Боссу он не доложил, более того, когда она вознамерилась переходить на более ответственную государственную службу, этот старый кагэбуха не стал сопровождать её личное дело сведениями о любовной связи с Председателем.
Короче, такая подруга обидела бы своими шпионскими манерами и отпугнула бы уважающих себя истеричных мужчин, но не его. Впрочем, чёрт его знает, о других мужчинах она чуть ли не в первый вечер их хвастливо заявила: «Я всем нравлюсь, все хотят со мной жить!»
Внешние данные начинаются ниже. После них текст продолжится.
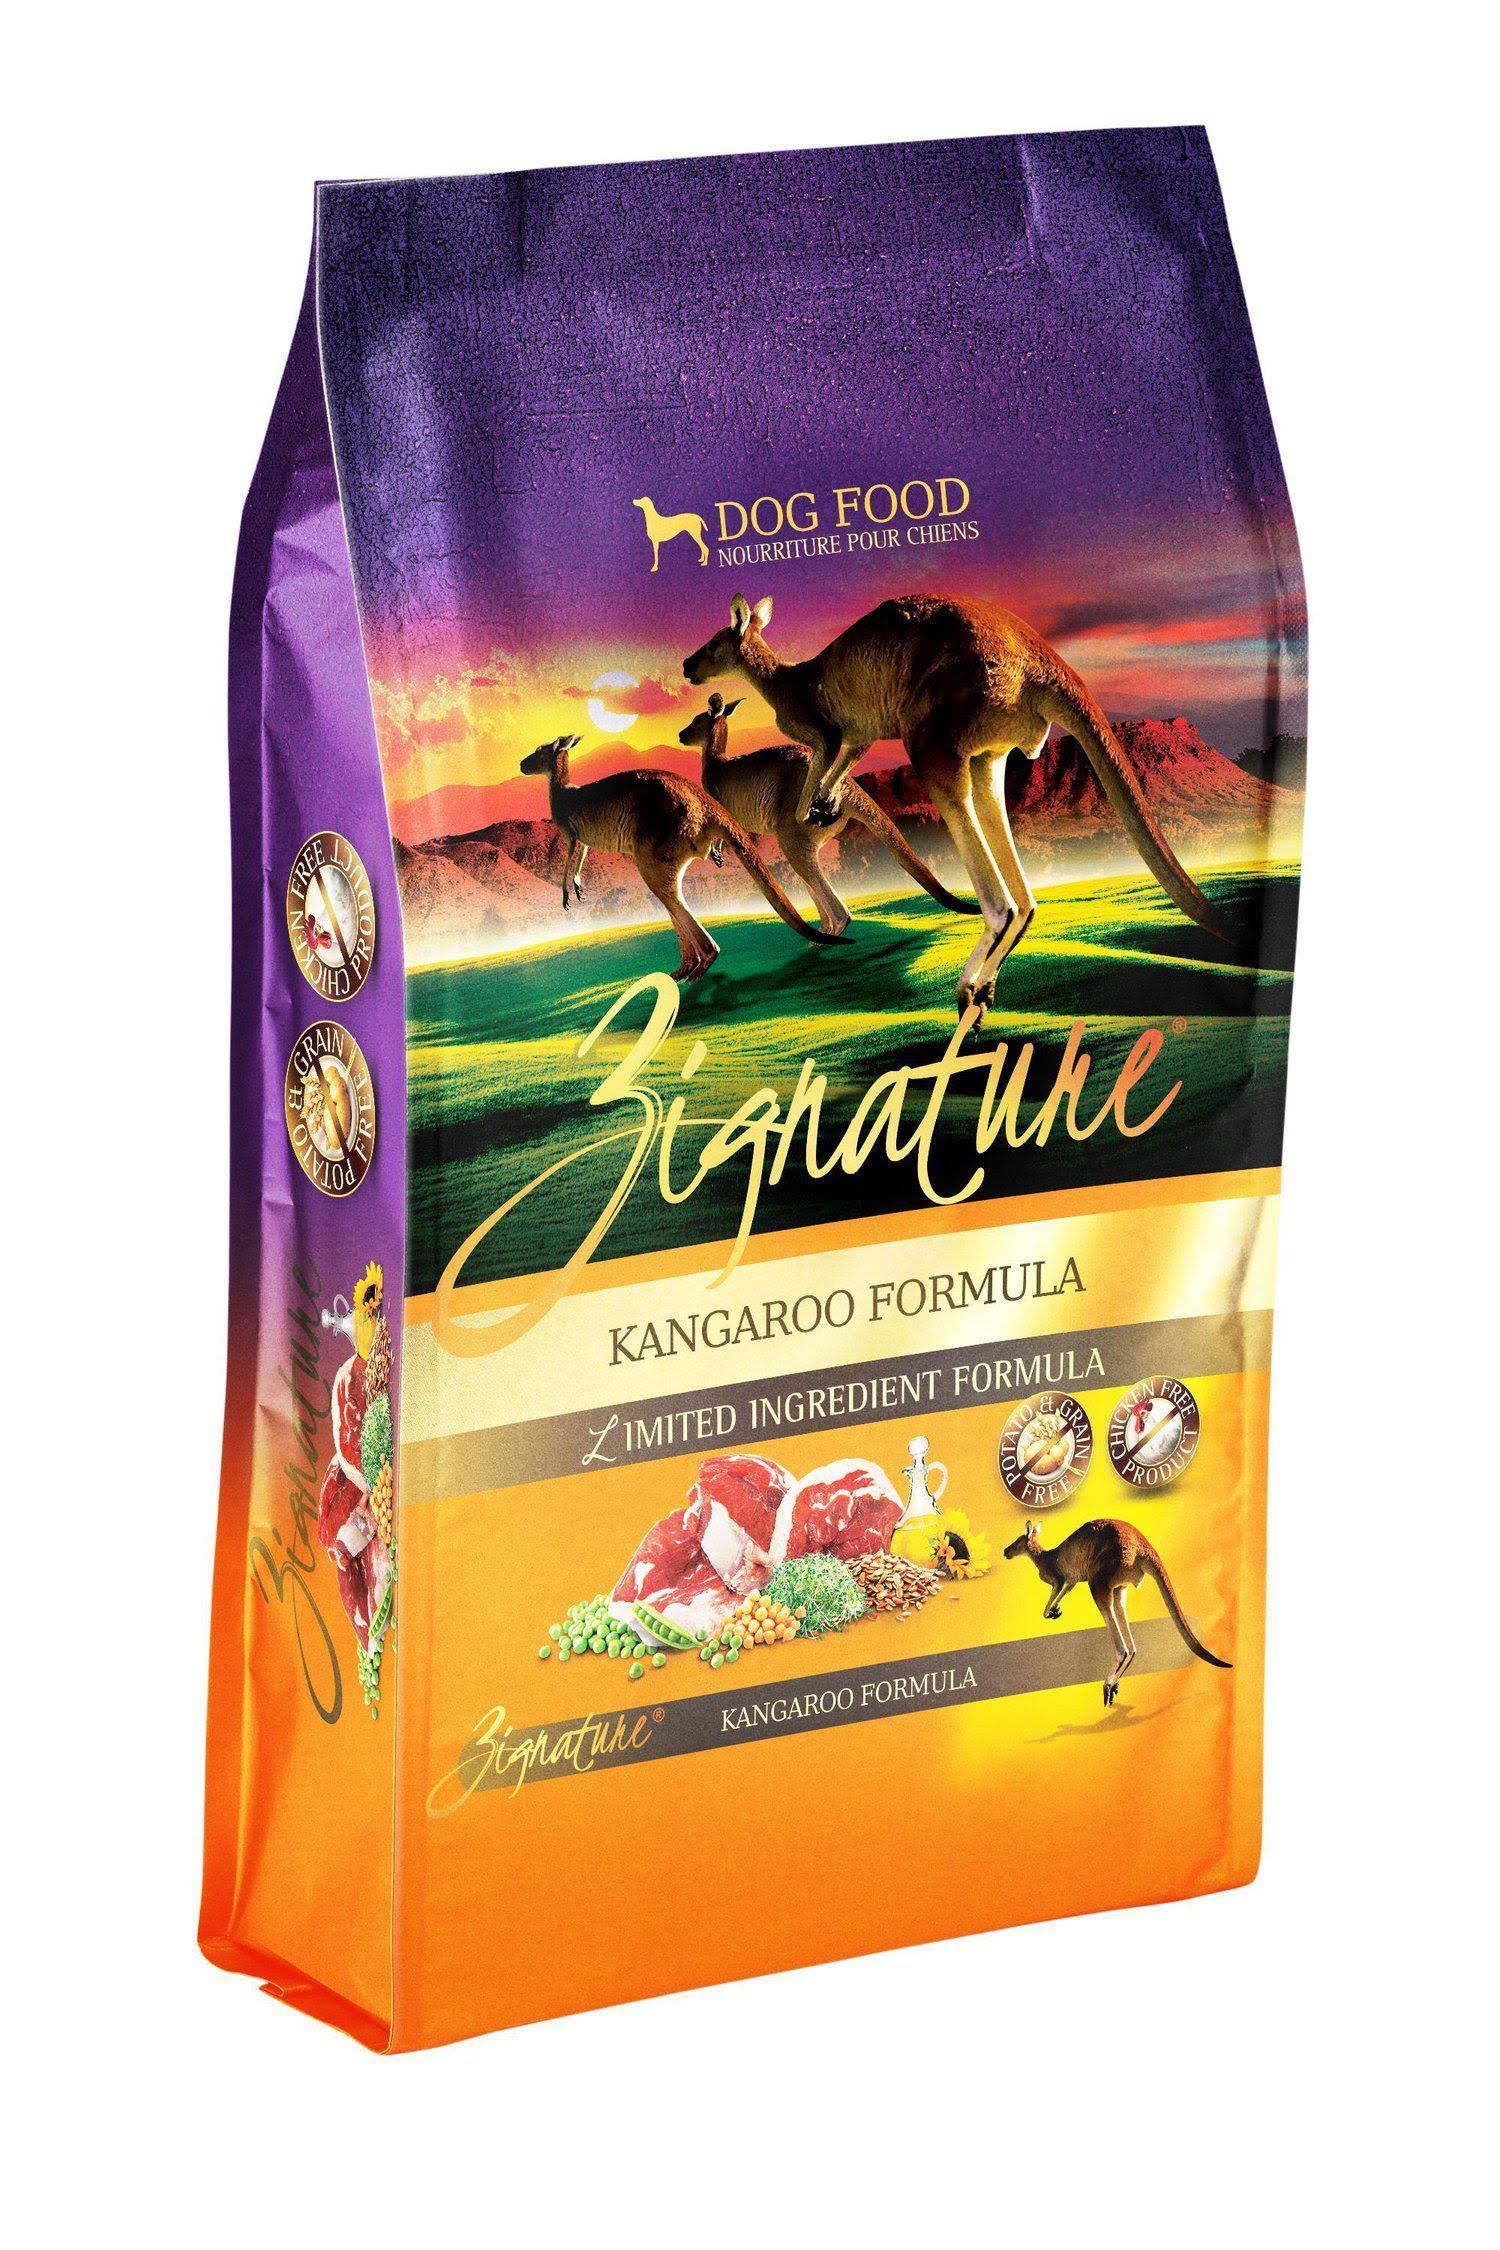 Zignature Kangaroo Formula Dog Food - 4lb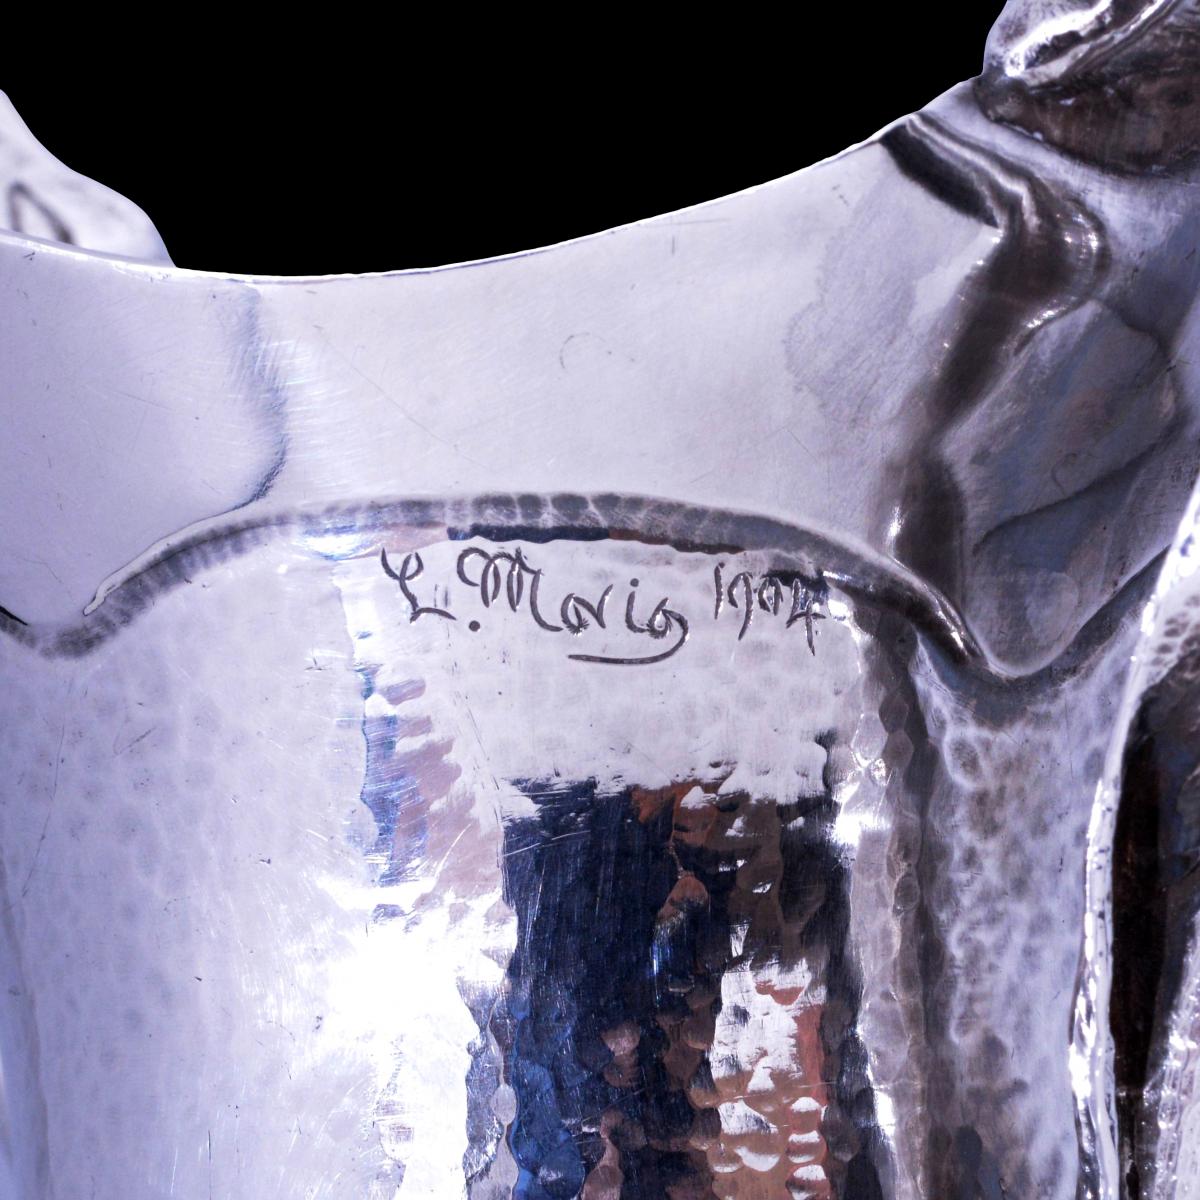 Latino Movio silver vase

Он терпел, точнее, его самолюбие терпело эти тайны вокруг неё, поскольку она непревзойдённо совокуплялась. Вот в чём дело!
Можно было выследить её, послать ребят, они бы выследили. Он никогда не сделал этого, поскольку понимал, что у них редкий случай чистой похоти. Она приходила, чтобы совокупляться, он ожидал её, чтобы совокупиться с ней.
Внутри неё, в этой алой её кишке, дышащей на него жаром из её межножья, вероятно, постоянно зудело, и жалось, и чесалось, и требовало разглаживания и утоления её естество. Получив в себя его член, она начинала скулить, как благодарная собака-сучка.
Как много сходится у человеков меж ног, у обоих полов! Там завязан первичный узел всего человека.
Звери, если им приходится есть человека, начинают пожирать его с между ног. В случаях, когда безумцы забирались в зоопарках в клетки к хищникам, сценарий был один: чавканье между ног. Иногда зверь подымет морду, сверкнёт страшным белком глаза, и опять жевать.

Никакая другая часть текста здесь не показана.